(Information provided)

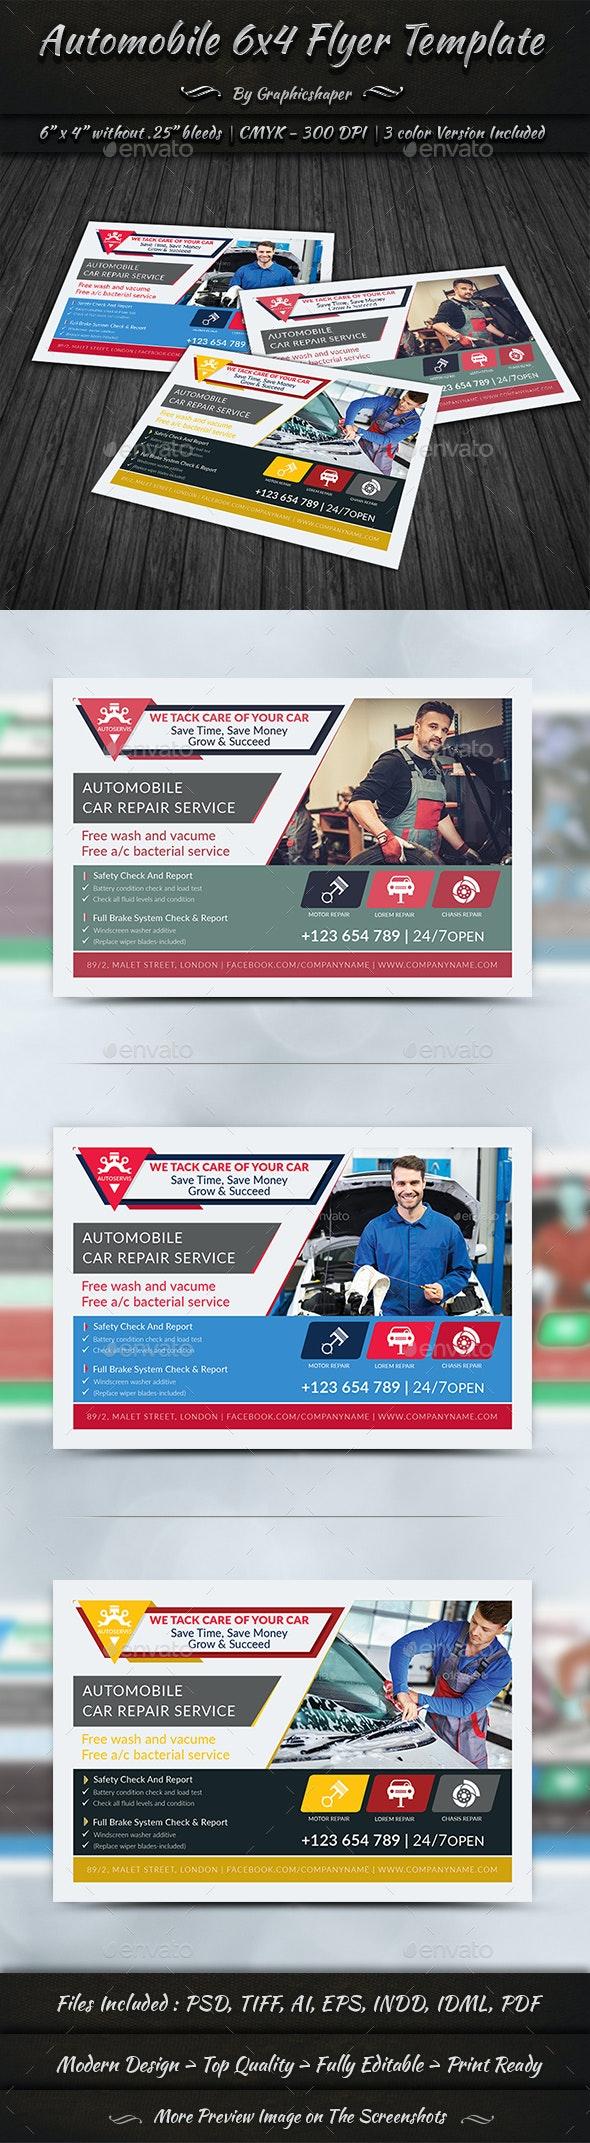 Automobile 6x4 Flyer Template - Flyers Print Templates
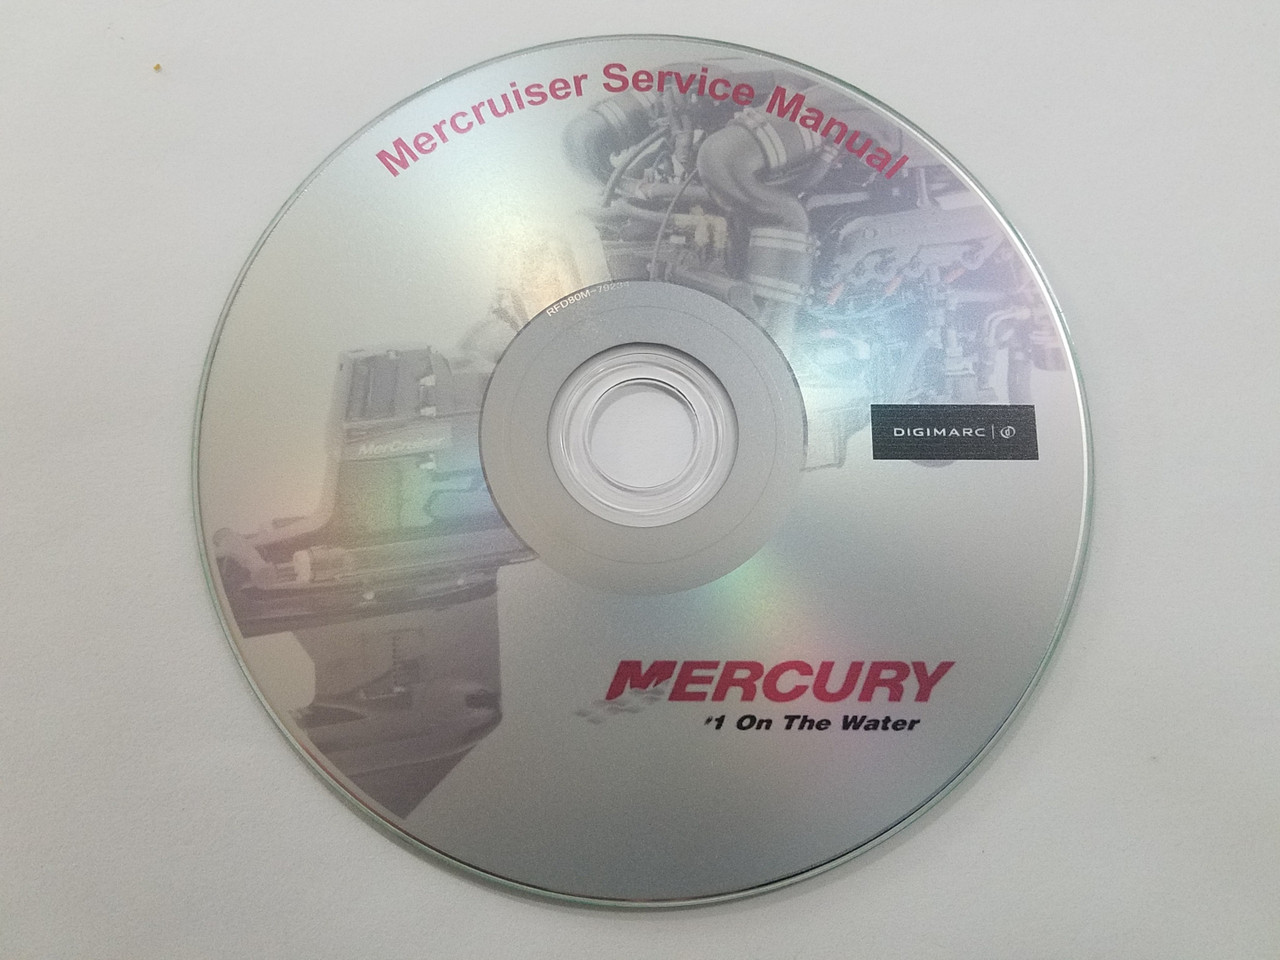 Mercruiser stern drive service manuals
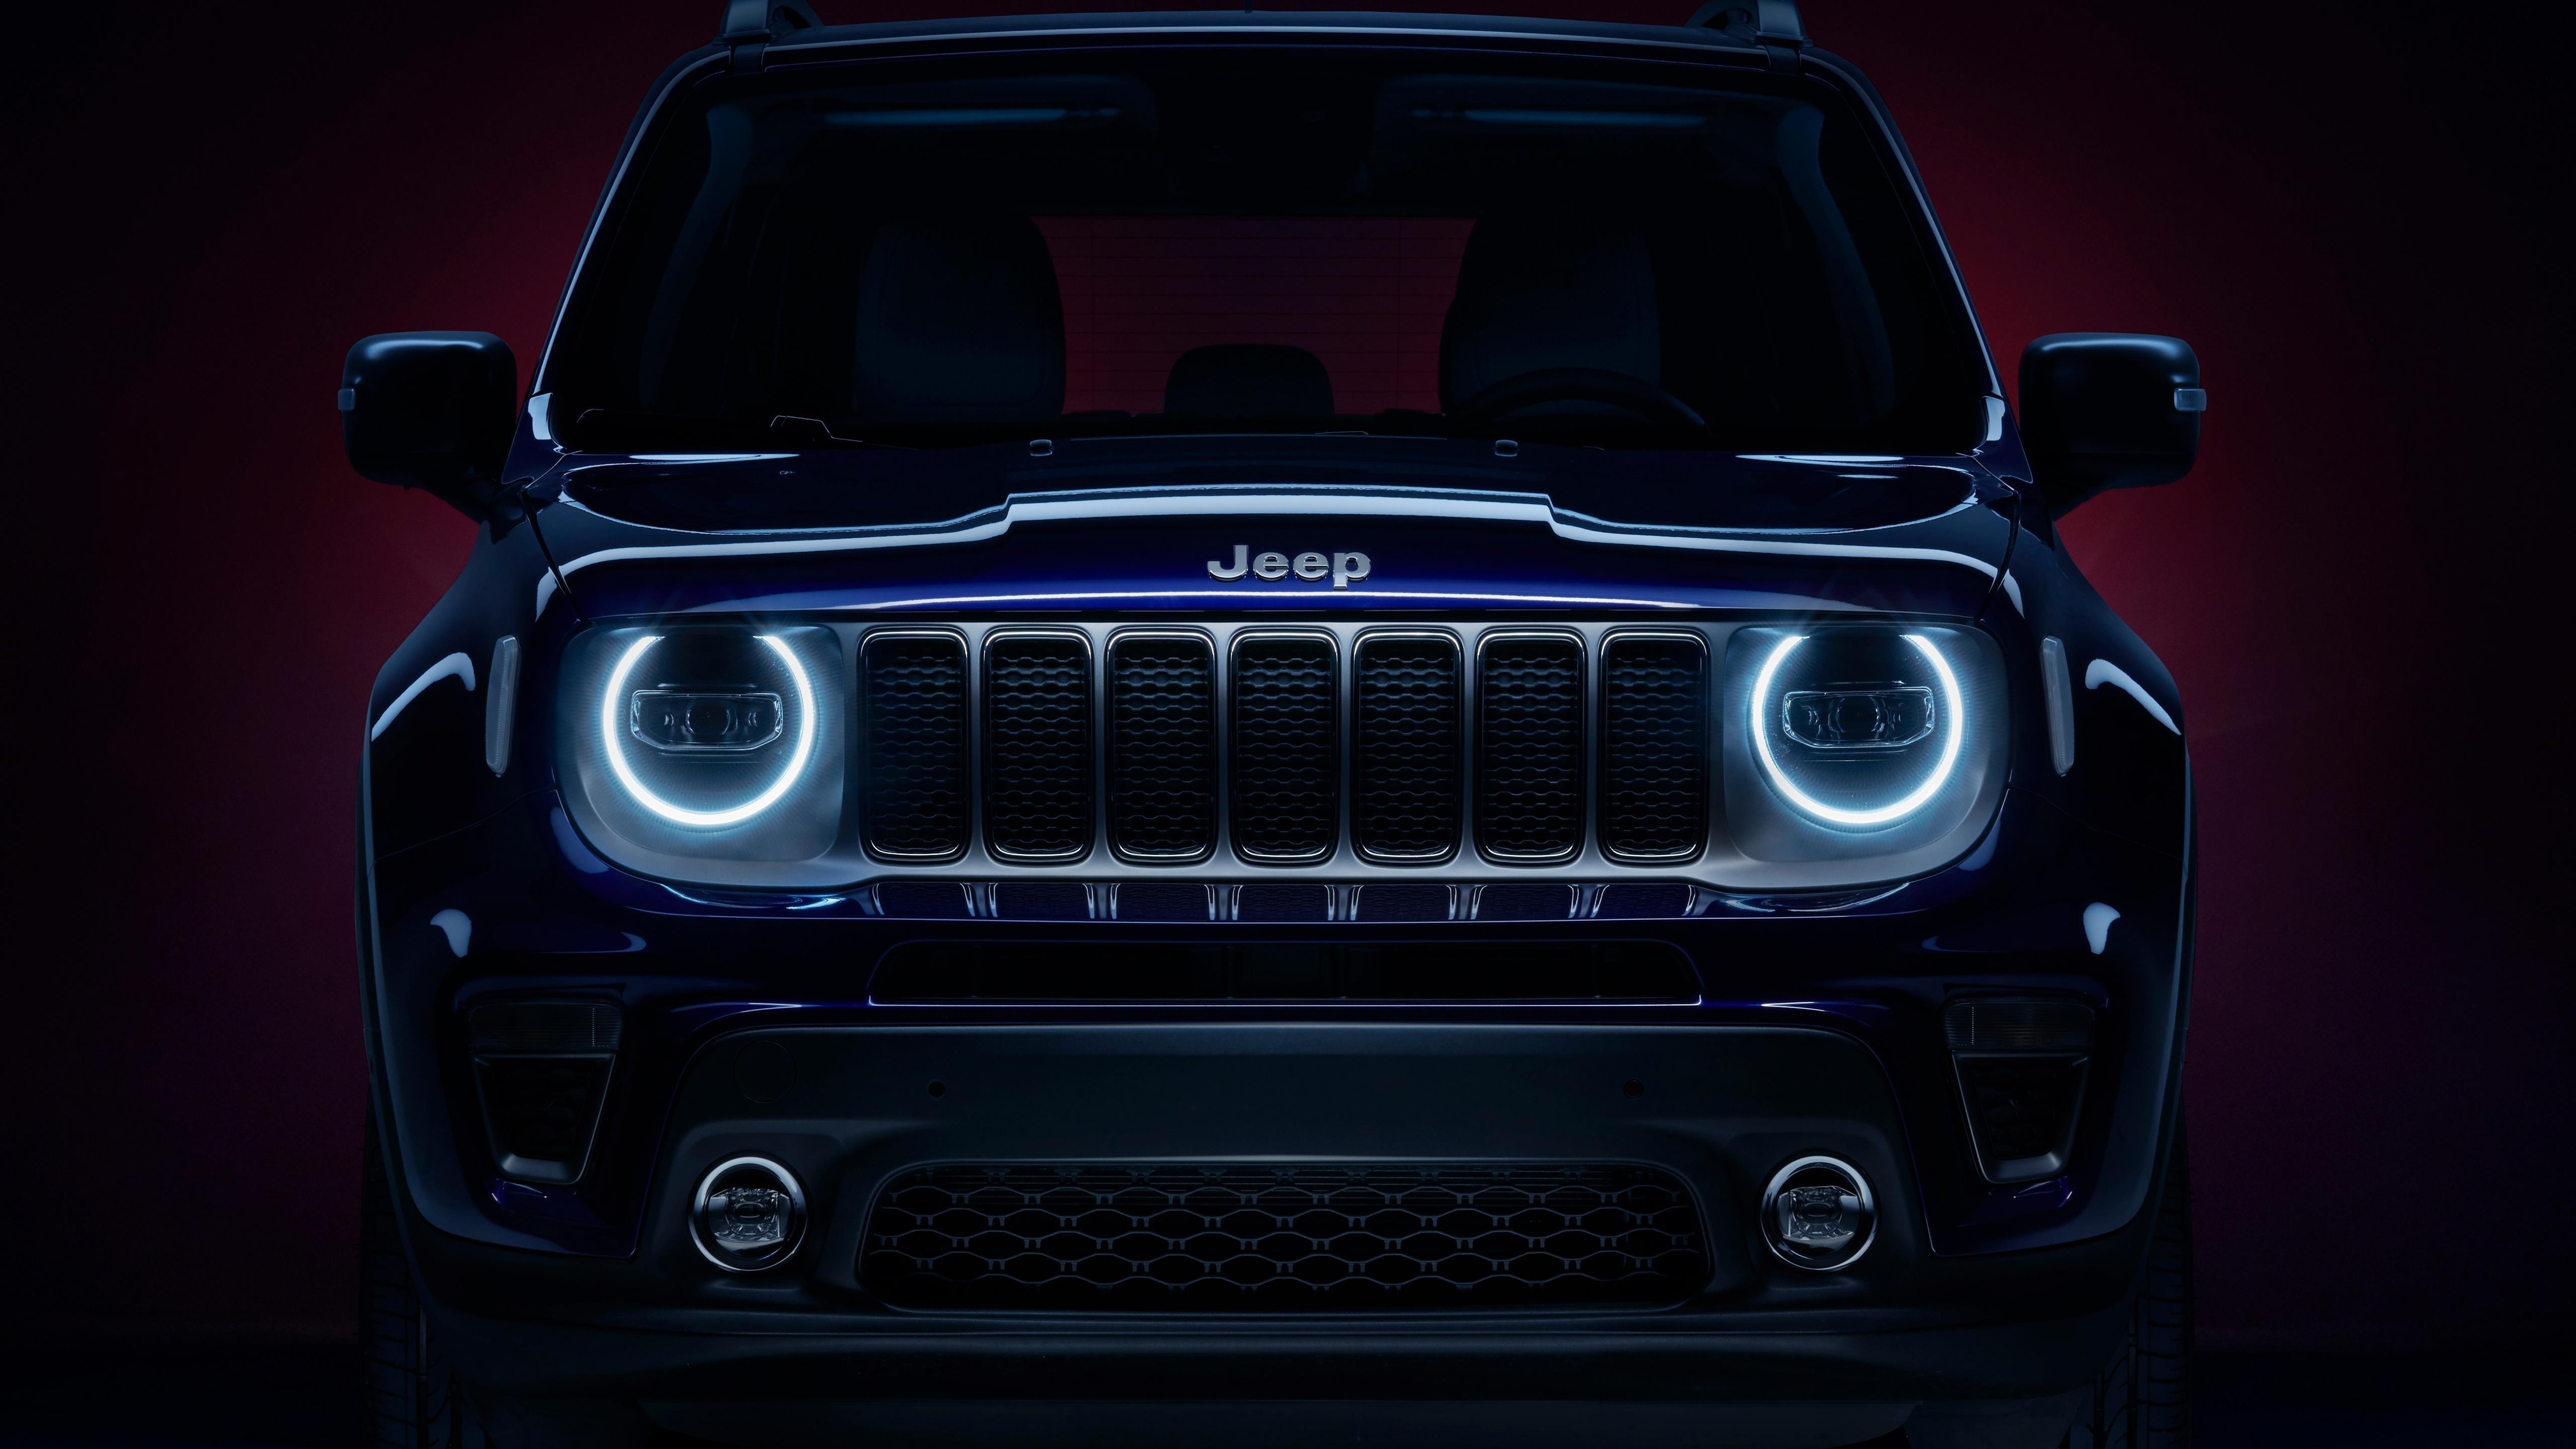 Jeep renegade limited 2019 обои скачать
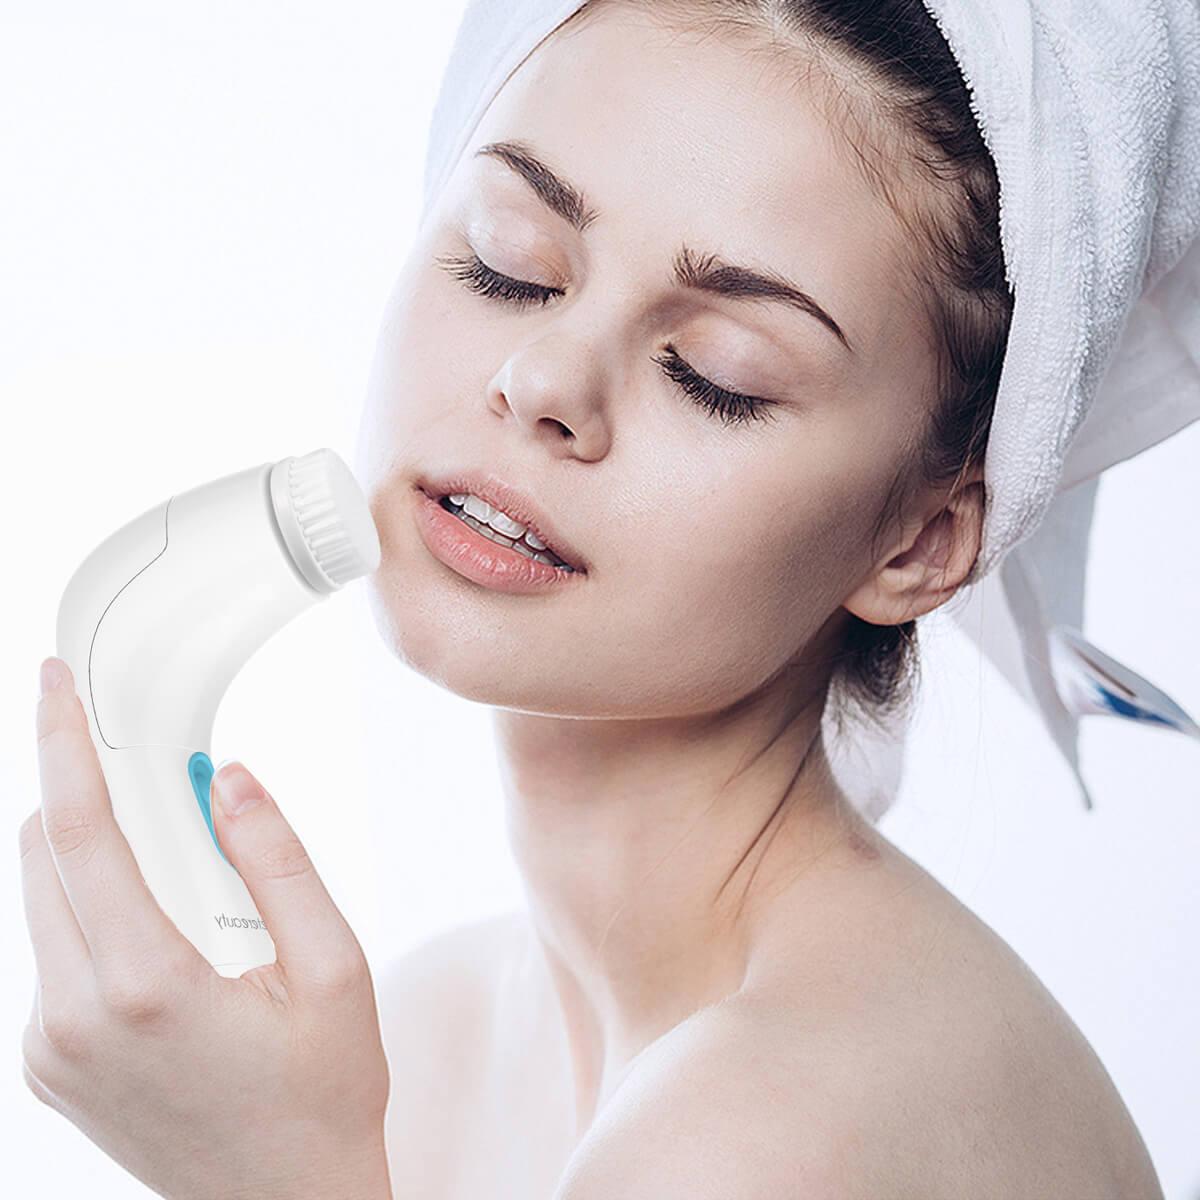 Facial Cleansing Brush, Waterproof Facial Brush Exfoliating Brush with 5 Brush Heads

(End Information provided)

Work to complete: The expected answer consists solely of the lines from the one with "Jeep renegade limited 2019 обои скачать" through the last line of the listing above, restated exactly, minus any pictures.

Reply:
 Jeep renegade limited 2019 обои скачать
 Facial Cleansing Brush, Waterproof Facial Brush Exfoliating Brush with 5 Brush Heads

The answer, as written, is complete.